3 · Separate-chaining sketch
class Entry<K, V>:
hash: int
key: K
value: V
next: Entry | None
class HashMap<K, V>:
DEFAULT_CAPACITY = 16
LOAD_FACTOR = 0.75
buckets: list[Entry | None] # length = power of two
size: int = 0
def __init__(capacity=16):
self.buckets = [None] * capacity
def _index(key):
h = hash(key)
# spread: mix high bits down so weak hashes still scatter
h ^= (h >>> 16)
return h & (len(self.buckets) - 1) # power-of-two AND
def put(k, v):
i = self._index(k)
e = self.buckets[i]
while e is not None:
if e.key == k:
e.value = v
return
e = e.next
new_entry = Entry(hash(k), k, v, self.buckets[i])

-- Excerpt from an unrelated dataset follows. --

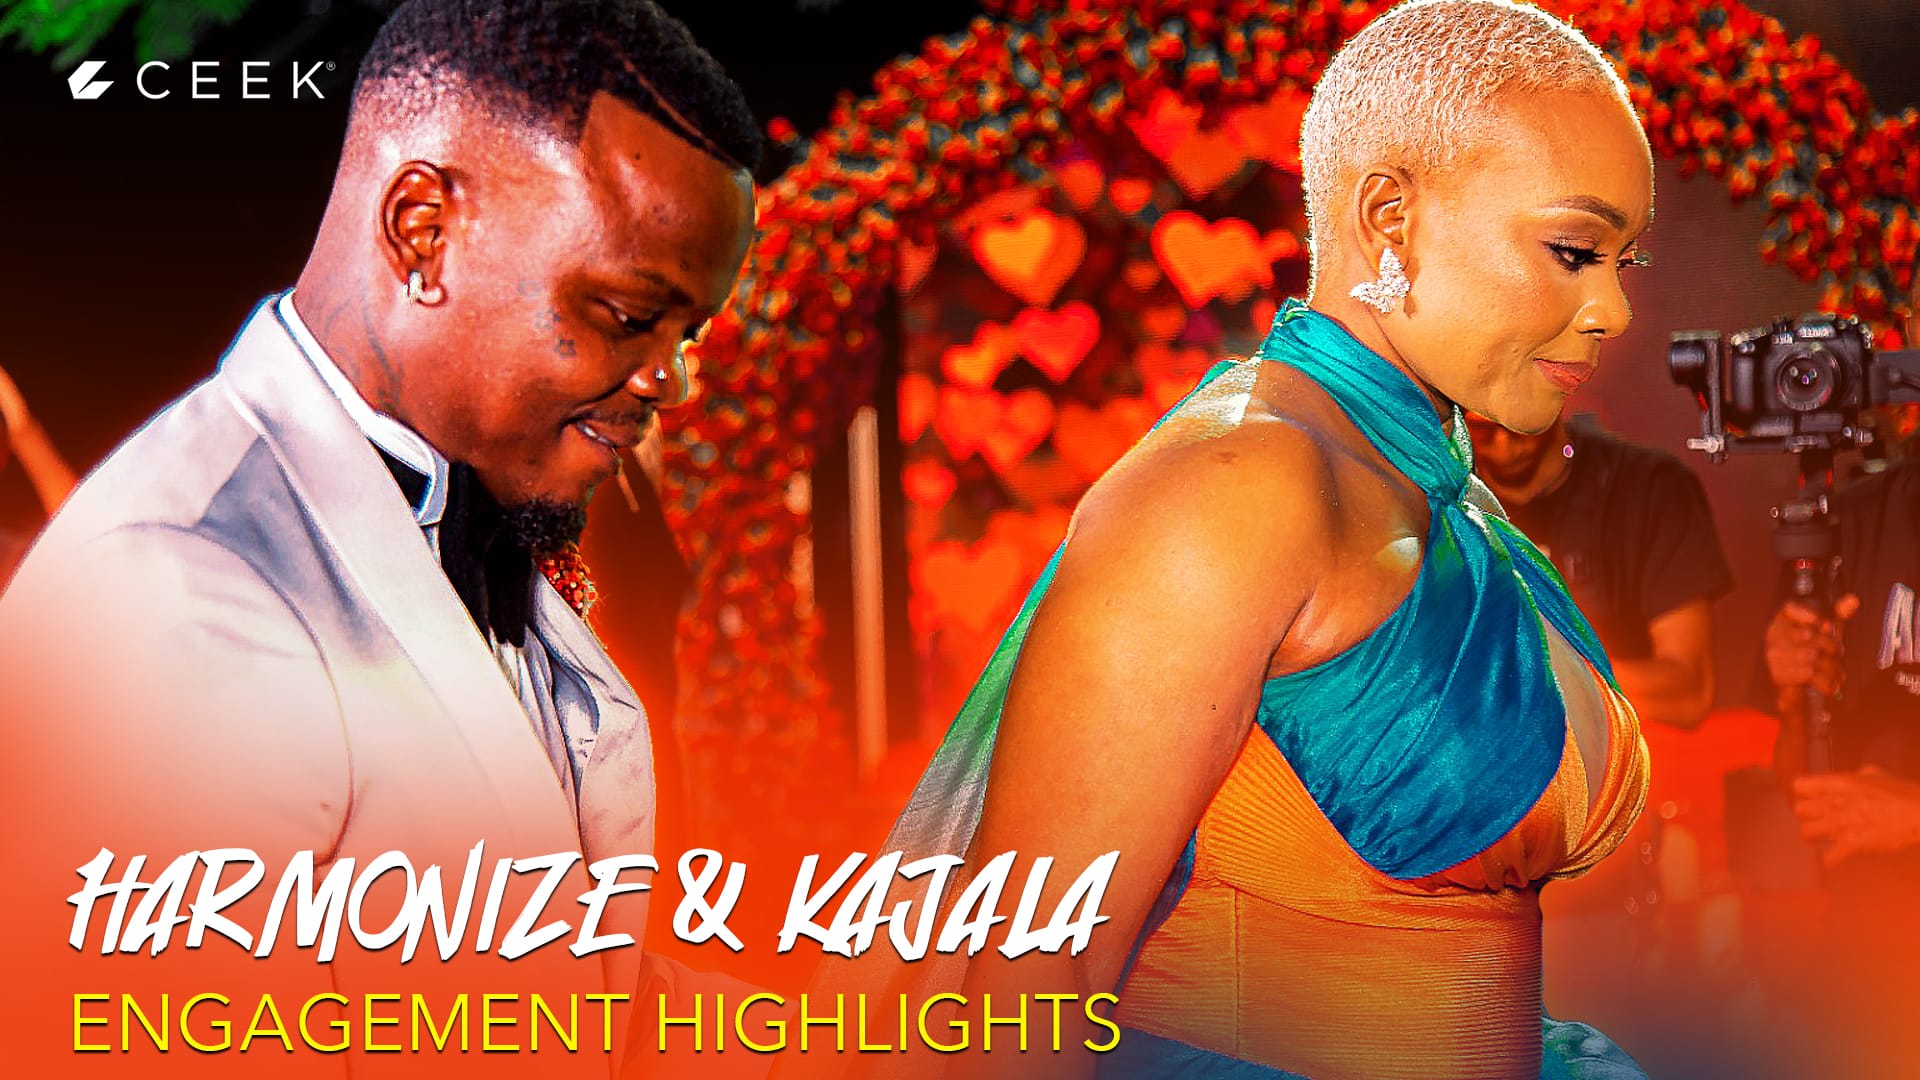 Harmonize and Kajala Engagement Highlights

self.buckets[i] = new_entry
self.size += 1
if self.size > LOAD_FACTOR * len(self.buckets):
self._rehash(len(self.buckets) * 2)
def get(k):
i = self._index(k)
e = self.buckets[i]
while e is not None:
if e.key == k: return e.value
e = e.next
return None
def remove(k):
i = self._index(k)
prev, e = None, self.buckets[i]
while e is not None:
if e.key == k:
if prev: prev.next = e.next
else: self.buckets[i] = e.next
self.size -= 1
return e.value
prev, e = e, e.next
return None
def _rehash(new_cap):
old = self.buckets
self.buckets = [None] * new_cap
self.size = 0
for head in old:
while head is not None:
nxt = head.next
i = head.hash & (new_cap - 1)
head.next = self.buckets[i]
self.buckets[i] = head
head = nxt
# size will be re-counted as we re-put? No — keep size accurate by
# incrementing in the loop. Or, store size = sum-of-buckets and skip rebuild.Key details: the hash is cached on the entry (don't recompute during rehash), and the spread step (h ^= h >>> 16) is the same trick Java's HashMap uses. It prevents a hash that only varies in its high bits from collapsing to one bucket when you AND with a small mask.

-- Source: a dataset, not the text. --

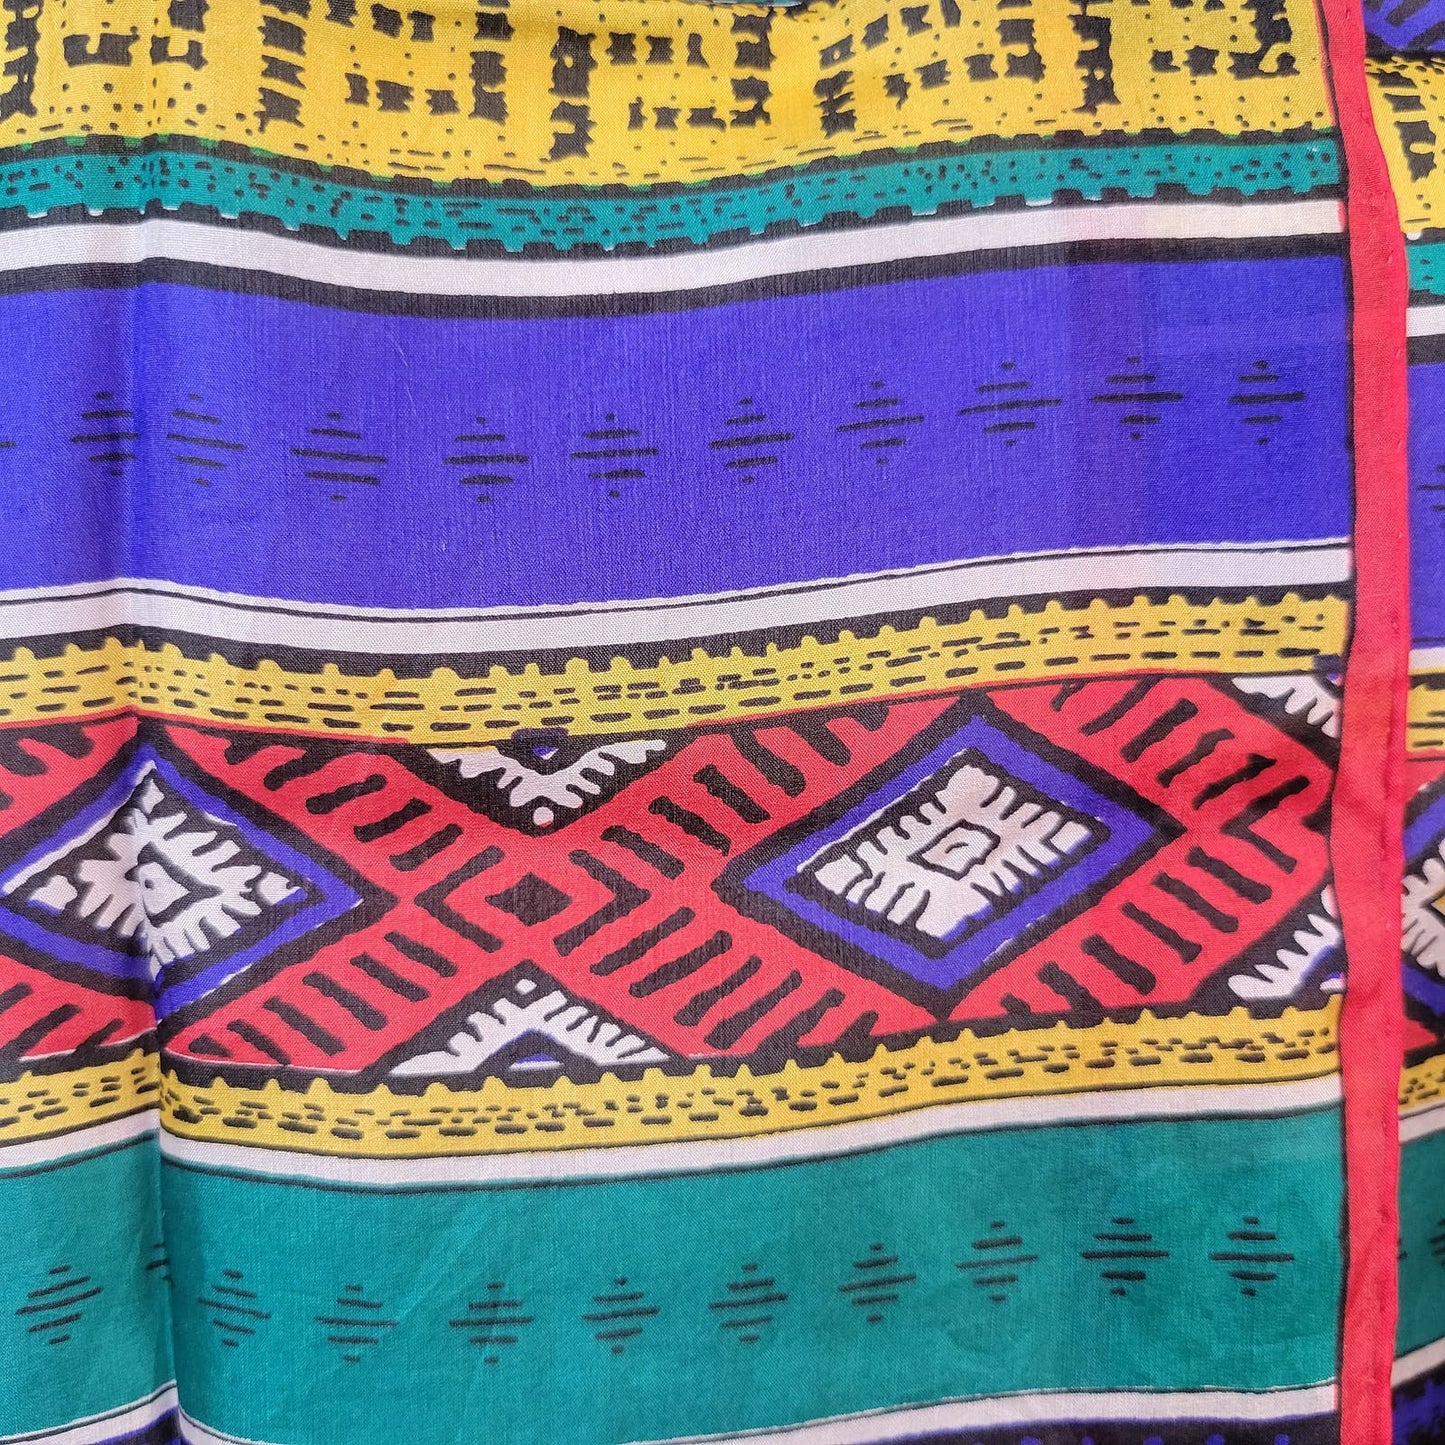 Oblong silk scarf, bright Southwest geometric pattern, vintage 1980s retro style

4 · Chaining vs open addressing
| Aspect | Separate chaining | Open addressing (linear probe) |
|---|---|---|
| Bucket holds | Head of a linked list | The entry itself, inline |
| Load factor target | ~0.75 | ~0.5 (any higher and probes grow) |
| Memory overhead | Extra pointer per entry | None |
| Cache locality | Worse (chase pointers) | Better (probe walks contiguous memory) |
| Delete is | Easy — unlink | Harder — must tombstone |
| Worst case | O(n) chain length under adversarial keys | O(n) cluster length under poor hash |
Open addressing tends to win in modern hardware (cache effects dominate). Java's HashMap chains; Python's dict uses open addressing. Either is a defensible answer if you explain the trade.
5 · Rehash
Triggered when size > load_factor × capacity. Double capacity, re-bucket every entry. Cost: O(n) once per amortised O(1) insert; the amortised analysis is a standard exam answer.
Tricks worth mentioning:
- Power-of-two capacity means a bit-shift instead of modulo, and rehashing only needs to look at one extra bit per key to know its new bucket.

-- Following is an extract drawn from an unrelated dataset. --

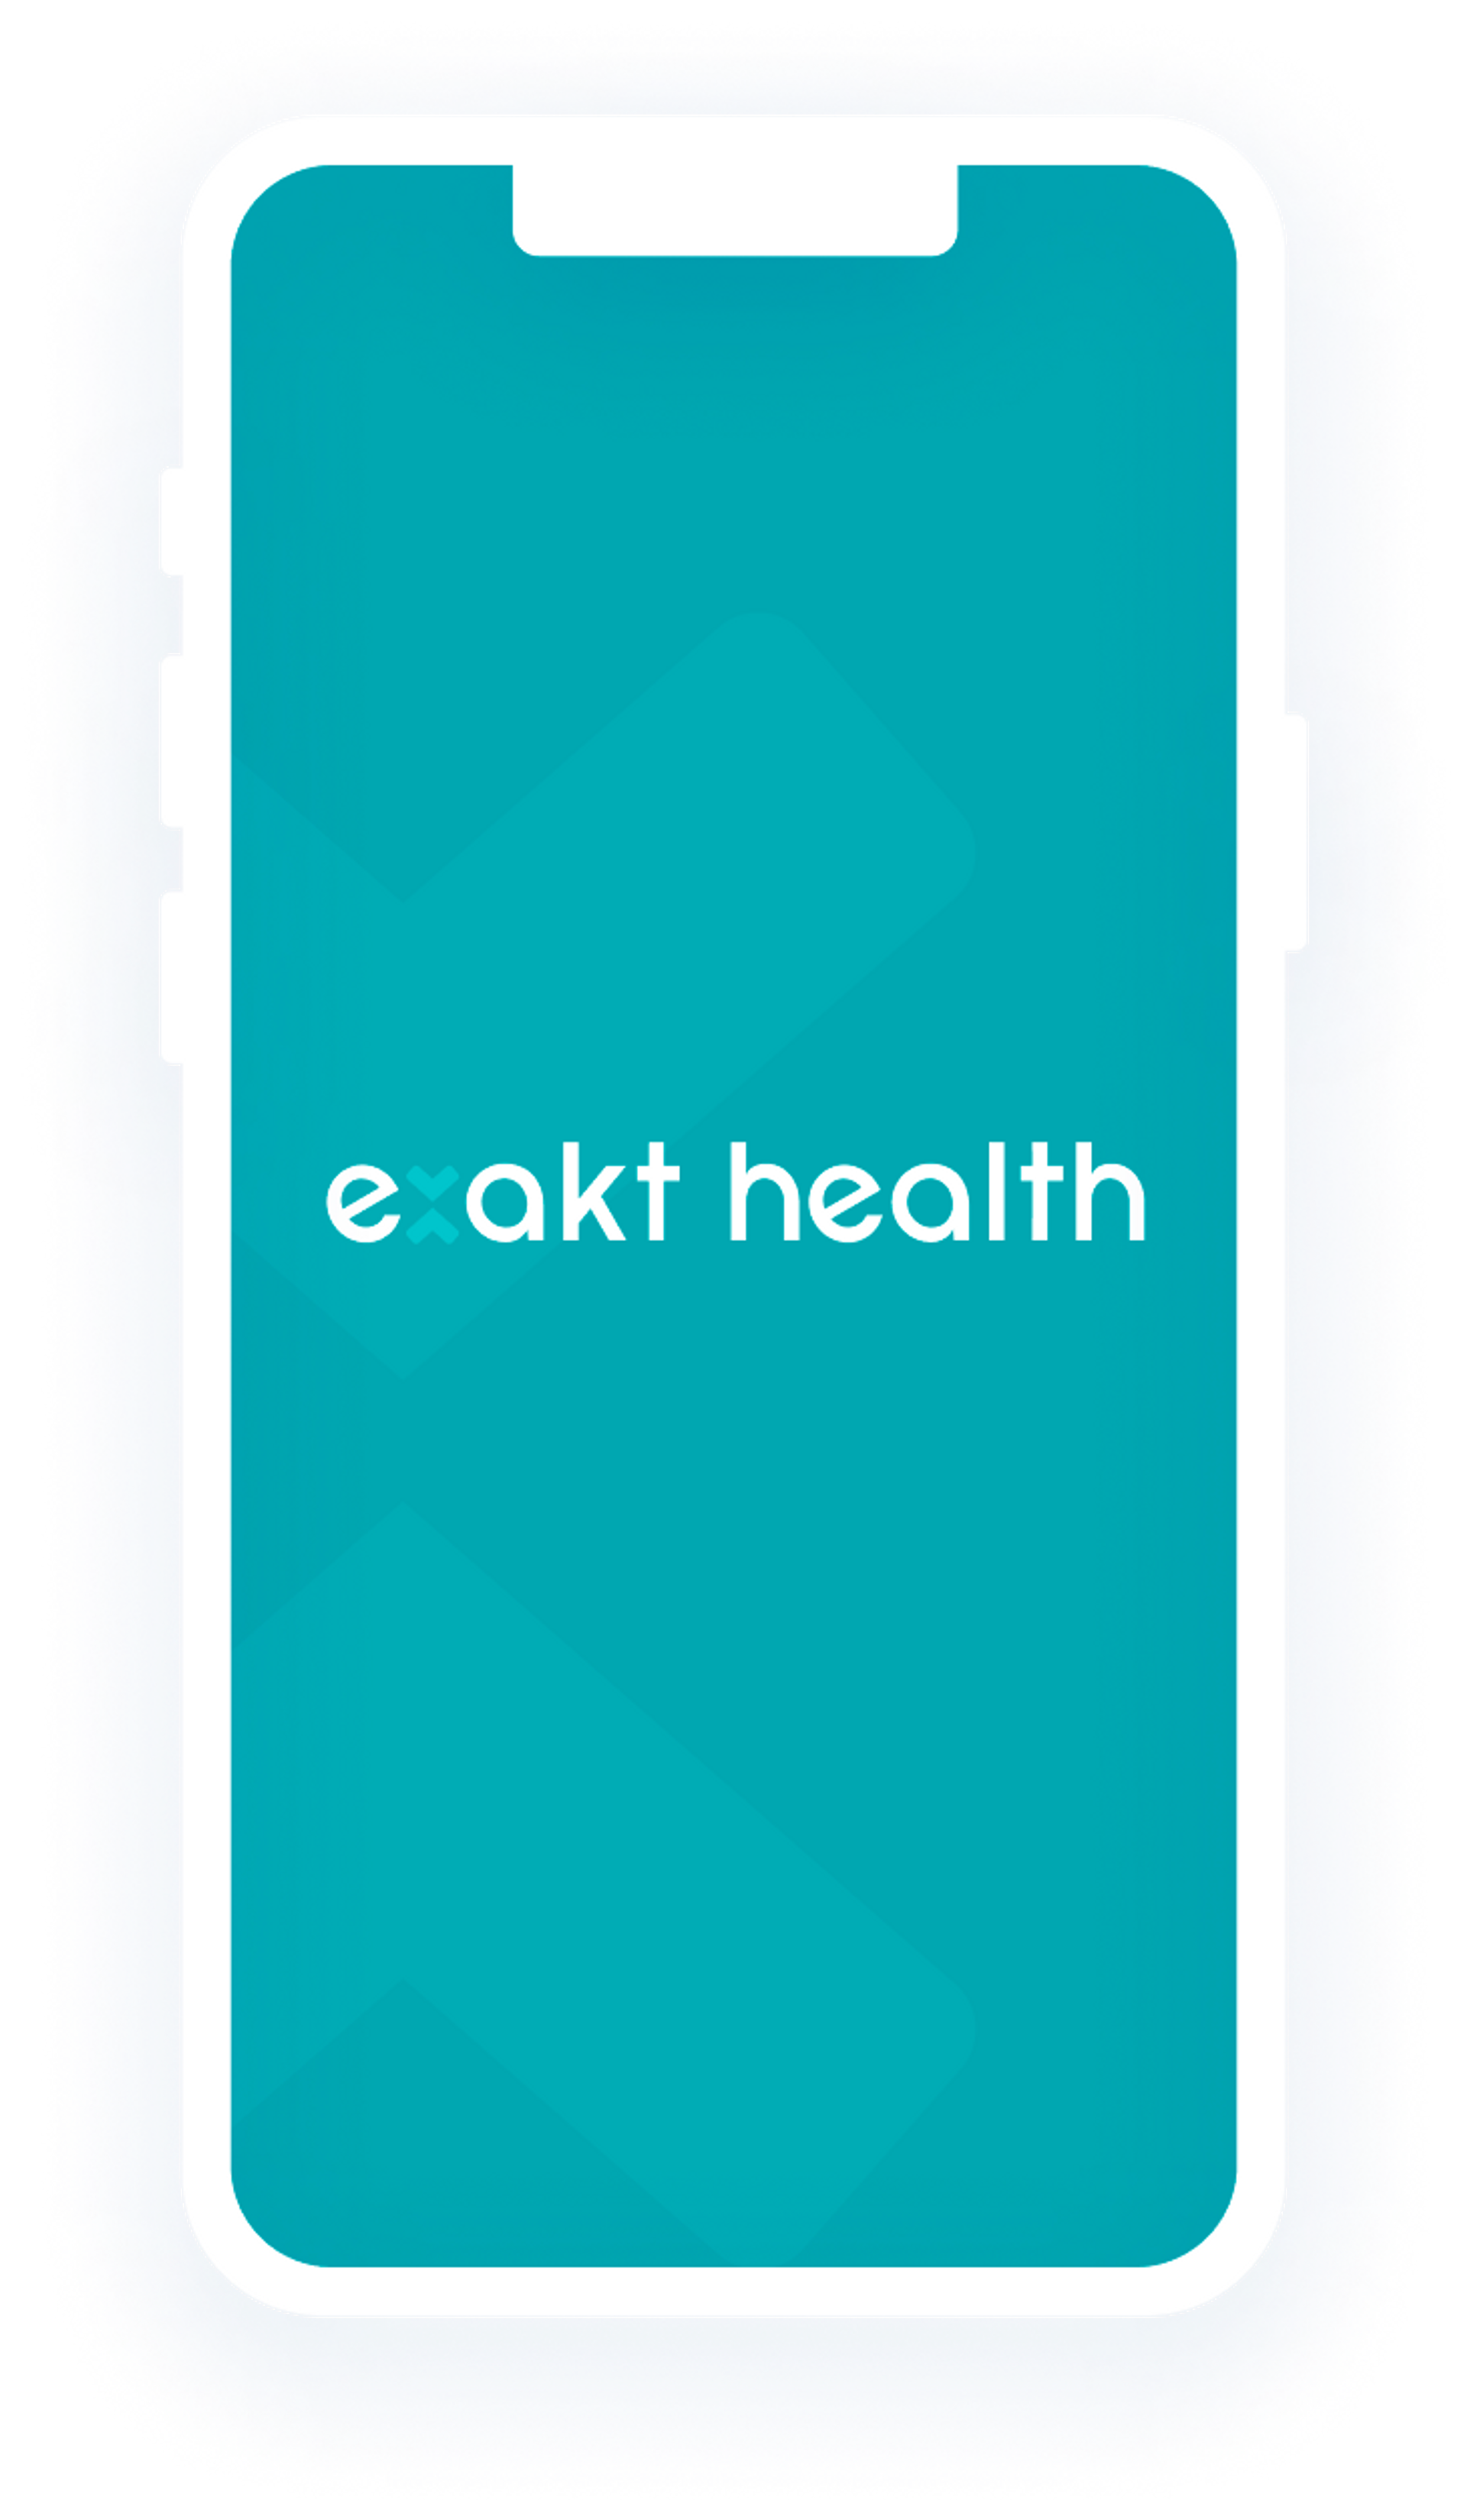 Exakt Health app

- Incremental rehashing (Redis-style) spreads the O(n) cost across the next many operations, so no single
putstalls. Real production hash tables do this. - Treeified buckets. When a chain gets long (≥8), Java converts it to a red-black tree. Defends against hash-collision DoS attacks.
6 · Edge cases
- Mutable key. If the key changes after insertion, its hash changes; you'll lose track of it. Document that keys must be immutable, or use a defensive copy.
- Null key / value. Allowed? Java allows one null key. Be explicit.
- Hash collision attack. All keys hashing to one bucket → O(n) per operation, DoS the server. Defence: random hash seed per process (Python's
PYTHONHASHSEED), or treeify under contention. - Iteration during mutation. Standard library maps fail-fast on modification during iteration; reasonable to do the same.
7 · Concurrency
Two real strategies:
- Stripe locks. N independent locks, key → lock by hash. Java's pre-Java-8 ConcurrentHashMap. Concurrency proportional to N stripes.
- CAS on bucket head. Java 8+ ConcurrentHashMap uses fine-grained CAS plus tree fallback. Lock-free in the fast path.
8 · What gets graded
- Did you mention load factor and rehash?
- Did you pick a collision strategy and explain the trade?
- Did you handle
removecorrectly (esp. tombstones if you went open addressing)? - Did you flag the hash-collision attack and the mitigation?